DATA SUPPLIED Start Marker

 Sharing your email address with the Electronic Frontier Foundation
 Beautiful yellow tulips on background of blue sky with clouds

DATA SUPPLIED End Marker
DATA SUPPLIED Start Marker

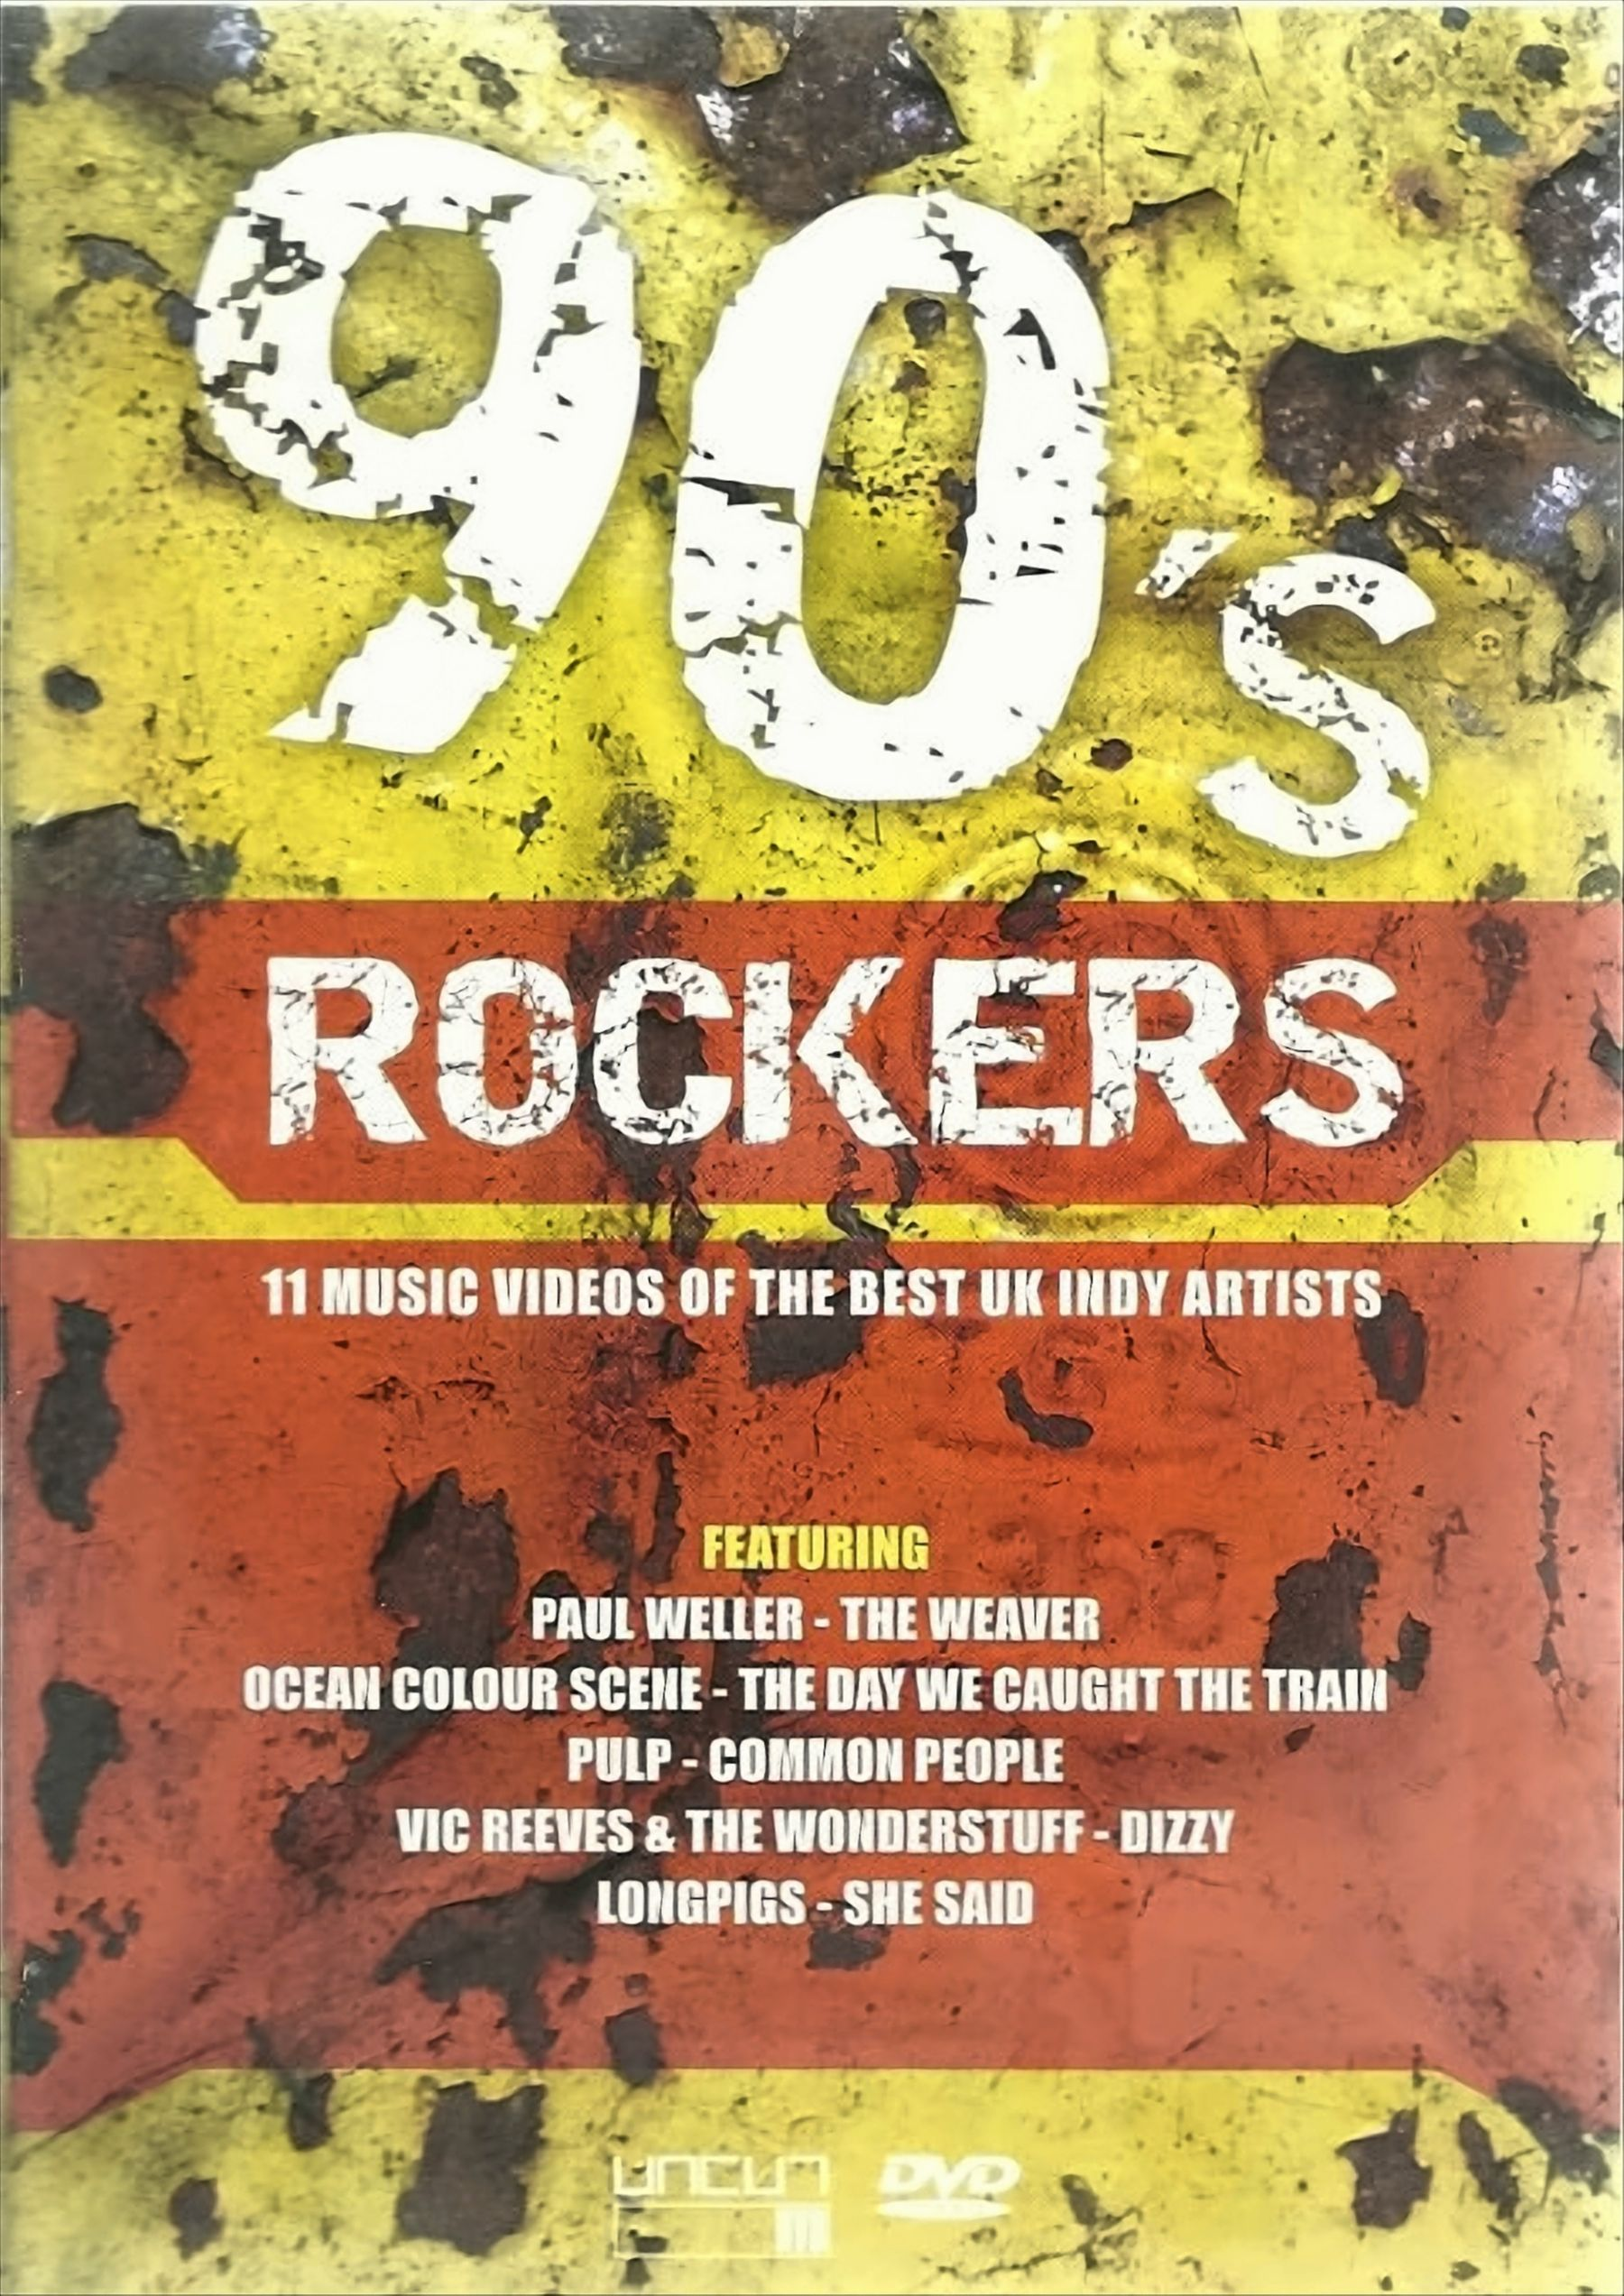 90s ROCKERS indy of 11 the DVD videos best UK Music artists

DATA SUPPLIED End Marker

* **INSTRUCTIONS FOR THE TASK**: A lone number is the expected answer: the count of lines in these entries holding the string "with".

* **EXPECTED ANSWER**: 2